The horse’s name was Clive, and Abigail knew him, so at twilight she swept down to the paddock where the horses were munching their timothy hay and grain and drinking out of the trough that Bertie had broken the ice off for them; he was a good boy, Abigail thought, and took good care of the animals it was his job to care for. Though, she thought as she settled on the fence post closest to Clive, if you let the horses and dogs and sheep out to fend for themselves in the woods, they’d likely do just fine now that the men had hunted the bears and wolves to just about nothing.
“You didn’t tell me the girl could understand us,” Abigail said to him with no preamble. She and Clive were nearly the same age and had known each other ever since he was a colt who would wander into the big spruces out of curiosity.
“You didn’t ask,” Clive said around a mouth of grain. “And I didn’t think it mattered.”
“Well, it might,” Abigail said. “We’re trying to find a way to stop the train from being built.”
“Why?”
Abigail rolled her eyes owl-style, which is to say, she closed them all the way up from the bottom long enough for Clive to notice and then opened them again. “You tame animals. You think if you just keep letting the men do what they want, it’s going to end well for you?” She didn’t wait for a response. “Why, you ask? Because they’re collapsing our burrows and cutting our trees down. They’re scaring off and tramping down our food in places they always left to us. The train is pushing us out of our woods. And I worry that the next wood over, there’s going to be a train, and so on and so on.”

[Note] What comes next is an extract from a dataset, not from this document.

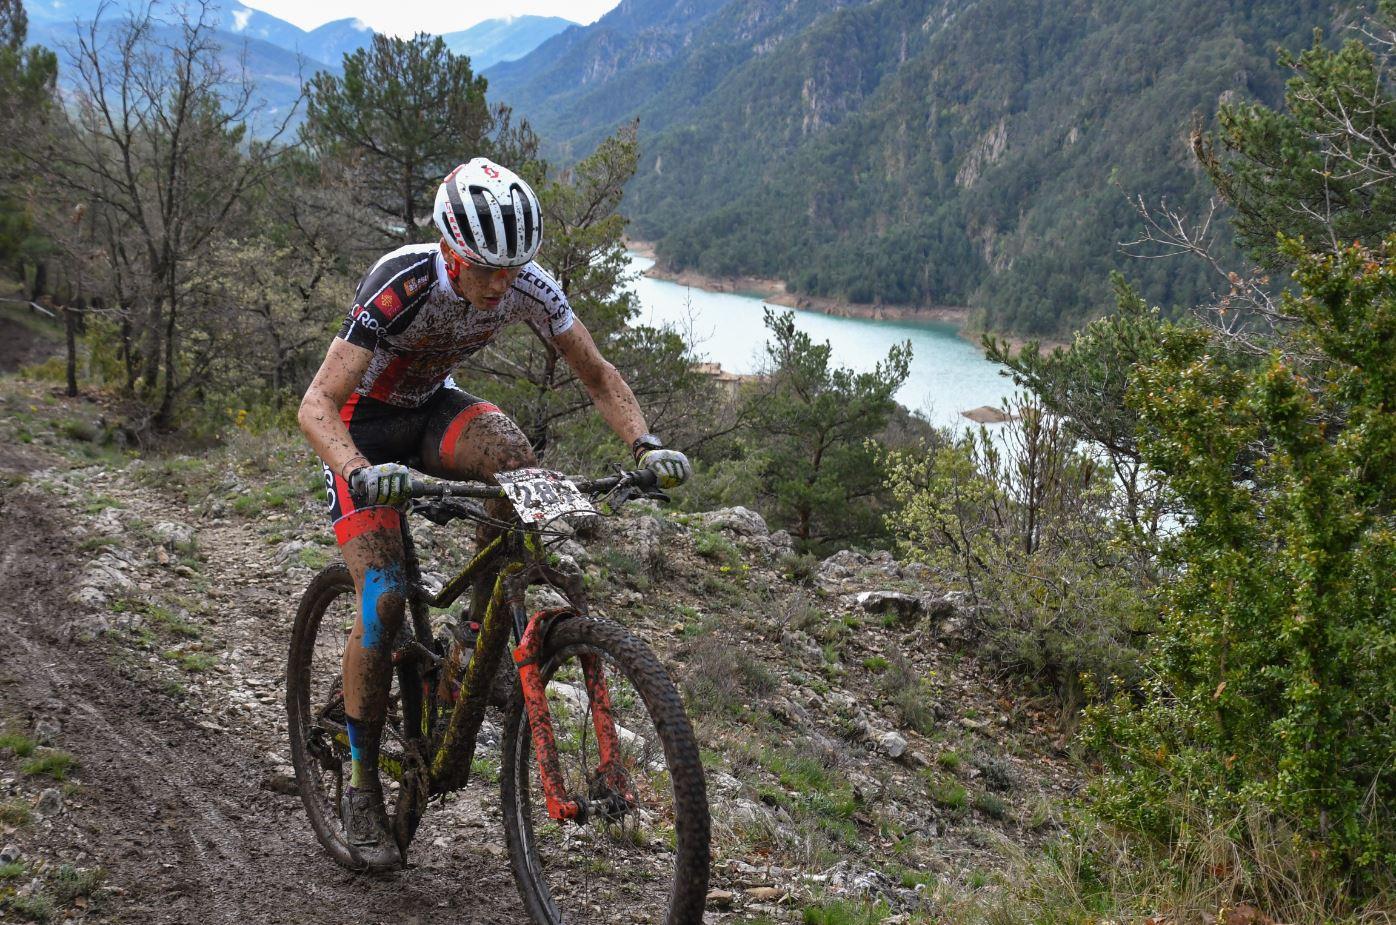 El paradís biker de la Vall de Lord ja està llest per acollir la Copa Catalana Internacional Biking Point

Clive seemed to think this over. “What do you want me to do?”
“I don’t know,” Abigail shook her wings out, disgusted, mostly with herself. “It’s not like you’re the one building the thing. I shouldn’t take it out on you. We’re just scared, Clive. And the foxes are going to take things into their own paws if we don’t figure something out.”
Clive just chewed for a minute. The other horses were watching them sideways. “If you need me to tell Violet something for you, I can make her understand. Or if you want me to bring her to you so you can talk to her. I can’t make you understand her because she doesn’t speak our language. But somehow, she understands it, that’s for sure. She’s a good person, Abigail. Her and Bertie and their parents. Most folks in this village for that matter. The train is going to make their life better, they think, and that’s all they’re thinking about. That’s people for you. Their heads are like their roads—very straight, very narrow.”
Abigail nodded. “Thanks. Want a back scratch?”
“Aw, would you?” Clive nickered. In the winter with their long hair, the horses got itchy on their backs. Abigail was careful not to dig in with her talons. The other horses begged her, too, and chuckling, she jumped from one to another and walked up and down their backs until it was dark and time for them to sleep, and her to hunt.